▸ **The task**
From the records below, extract only the lines running from the line with "Boston City Night" to the line with "James Neligan LYN-ACFI", both lines included, reproducing them exactly.

▸ **Supplied records**
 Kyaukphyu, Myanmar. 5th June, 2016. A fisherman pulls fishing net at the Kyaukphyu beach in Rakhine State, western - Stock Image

---

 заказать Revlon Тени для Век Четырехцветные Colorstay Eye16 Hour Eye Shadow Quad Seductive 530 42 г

==

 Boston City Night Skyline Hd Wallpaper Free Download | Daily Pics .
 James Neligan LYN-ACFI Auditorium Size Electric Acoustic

▸ **Your response**
 Boston City Night Skyline Hd Wallpaper Free Download | Daily Pics .
 James Neligan LYN-ACFI Auditorium Size Electric Acoustic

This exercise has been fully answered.